The US dollar trended lower versus its Canadian counterpart across the previous week. The US dollar Canadian dollar exchange rate closed the week at 1.3277, a loss of -0.18% across the week. The pair is edging higher in early trade on Monday.
The US traded in a relatively muted fashion across the Thanksgiving week. The dollar received some support after GDP data exceeded analysts’ expectations. The US economy grew at a decent 2.1% annualised rate in the third quarter. This was better than the 1.9% forecast and boosted demand for the US dollar.
The other key theme last week, which will almost certainly continue into this week was the US — China trade dispute. Whilst hopes had been rising of the two powers signing a phase one trade deal imminently, this is now looking less likely. Firstly, Trump signed the Hong King bill into law, rocking already fragile relations with China. Over the weekend, China’s Global Times reported that China is insisting that US tariffs must be rolled back as part of the phase one trade deal. So far, Trump has failed to agree to this demand. Risk sentiment is taking a hit on these latest headlines, boosting the demand for the safe haven dollar.
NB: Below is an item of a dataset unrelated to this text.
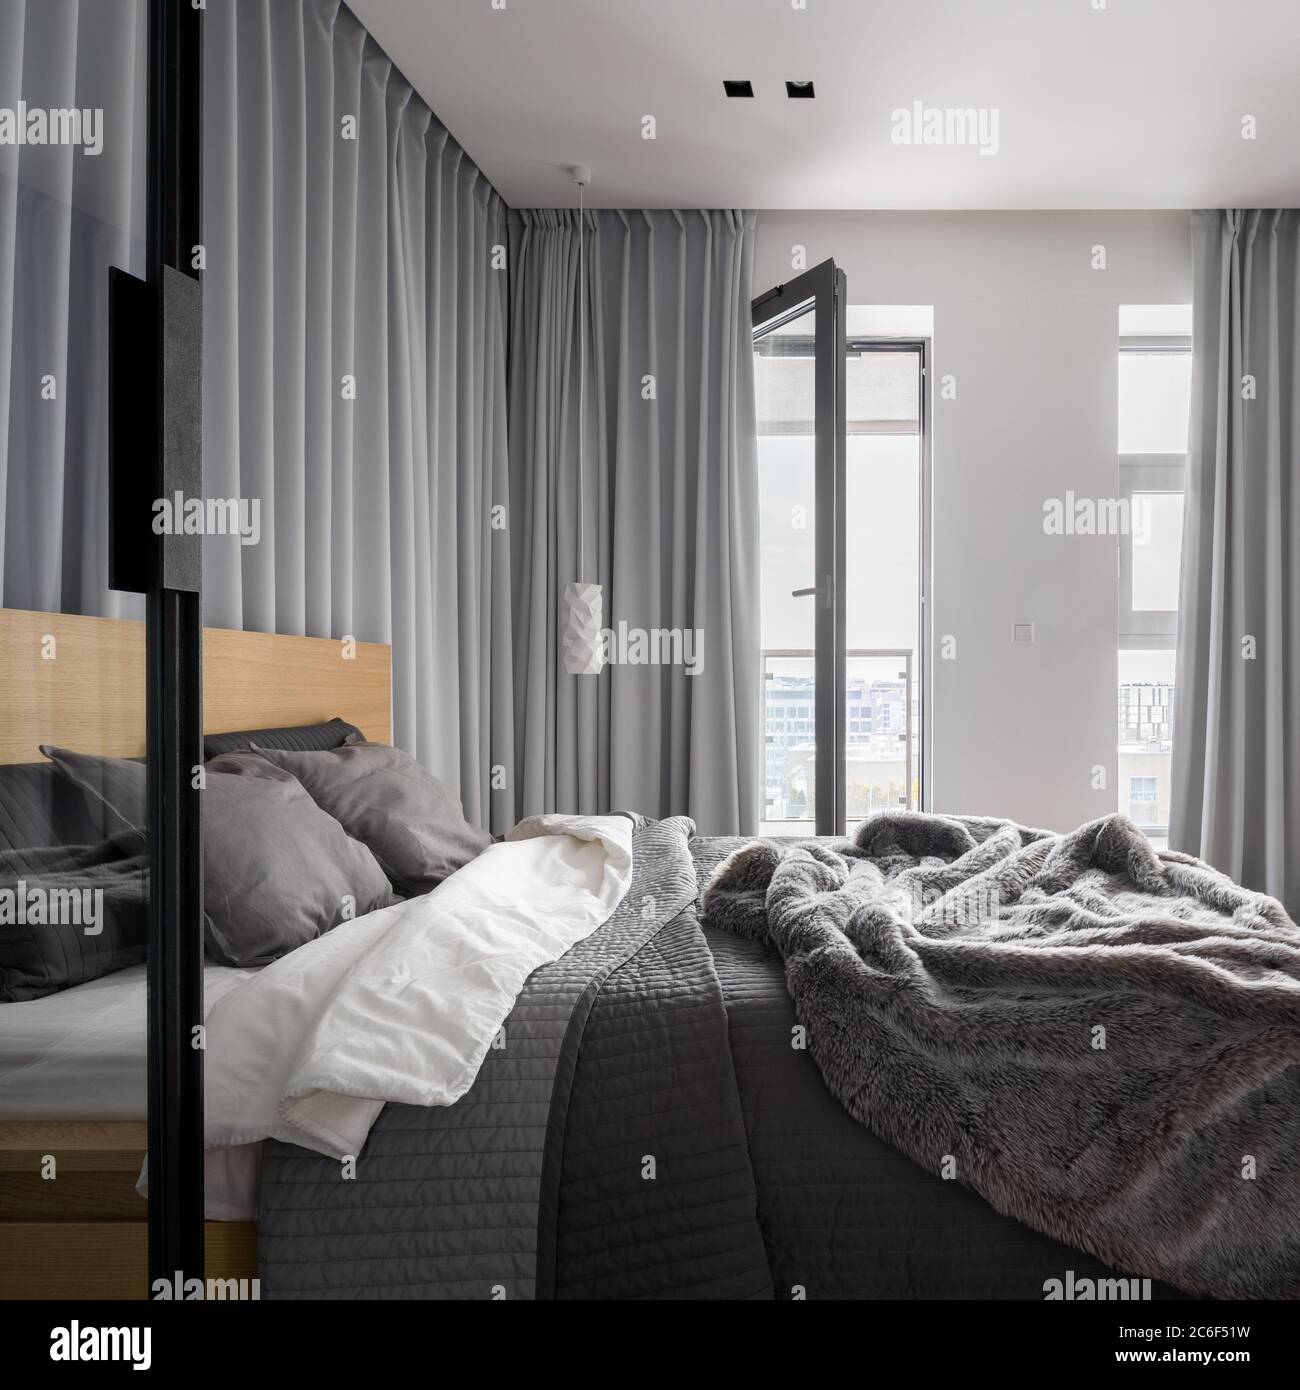 Luxurious bedroom with double bed and gray window curtains Stock Photo
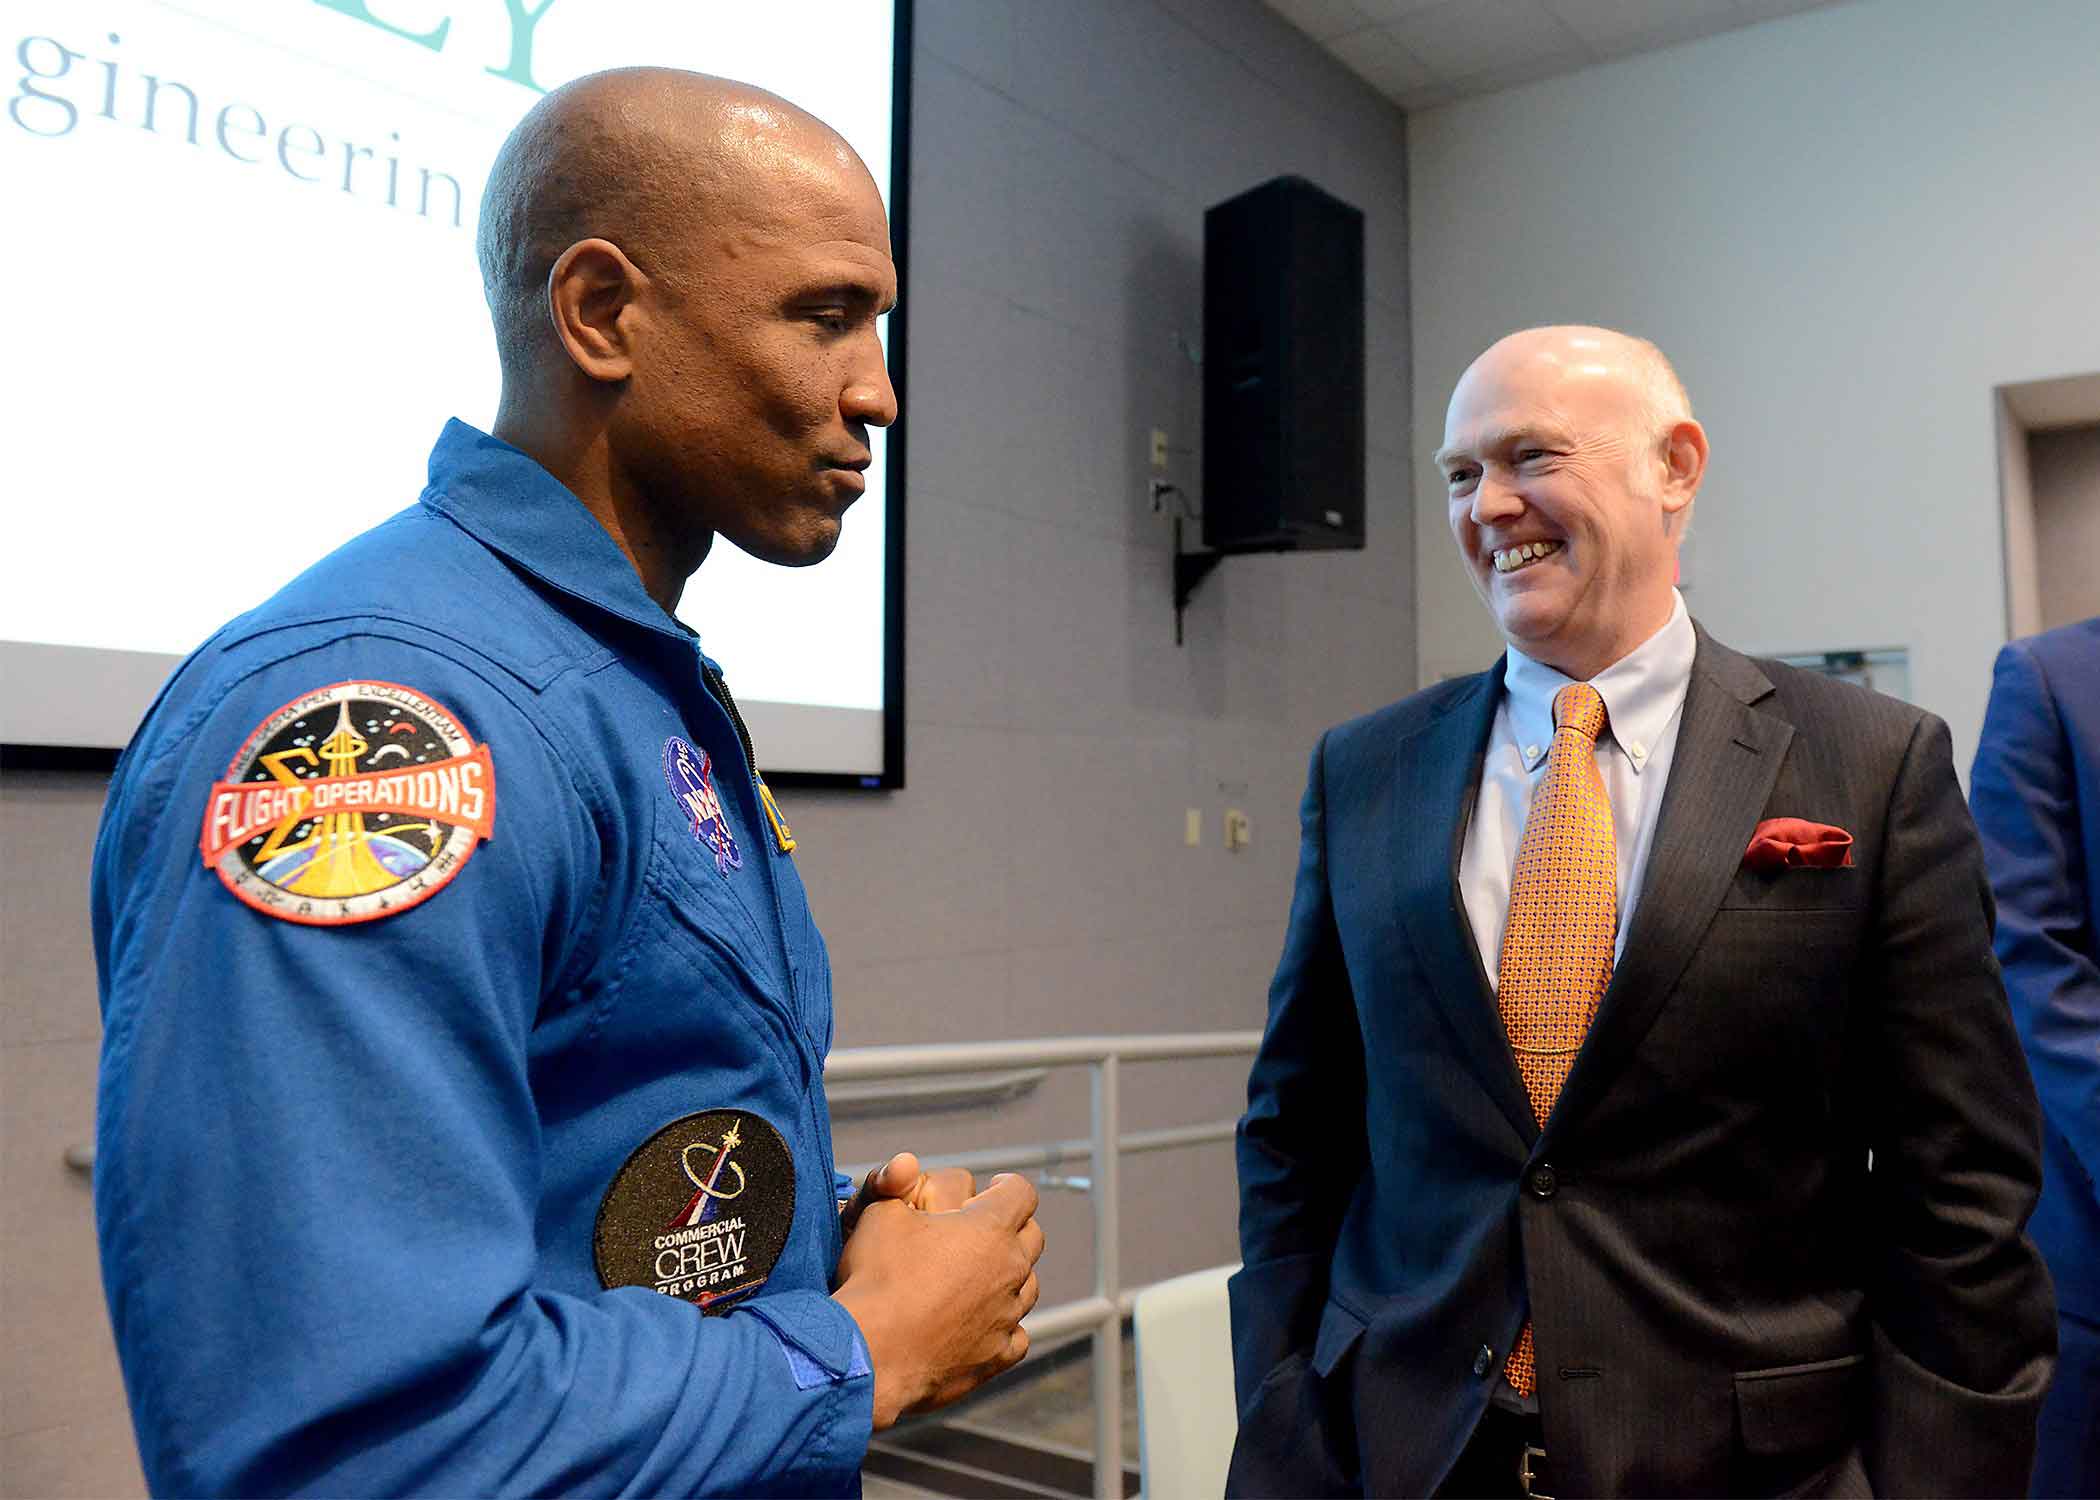 NASA astronaut Victor Glover and United Launch Alliance CEO Tory Bruno chat during a recent trip to Cal Poly, which named them 2018 Honored Alumni.

Looking across the week there are some notable macro-economic releases which could provide further clues as to the health of the US economy. The most keenly awaited will be Friday’s non-farm payroll, however, prior to that today’s ISM manufacturing data will also be closely watched. Analyst are expecting manufacturing to have improved, although the sector is still expected to be in contraction. An upbeat reading could lift the dollar.
Canadian Dollar Slips After Slump In GDP
The Canadian dollar was under pressure at the end of the previous week, following the Canadian GDP release. Economic growth in the third quarter was recorded at 1.3%. This was a sharp slowdown from the previous quarter of 3.5% annualised growth, which was largely considered unsustainable. A drop in exports and a draw down in inventories were to blame.
Investors will now look to today’s manufacturing pmi. Further signs of weakness will boost investor expectations that the Bank of Canada could adopt a more dovish stance come the next monetary policy meeting this week.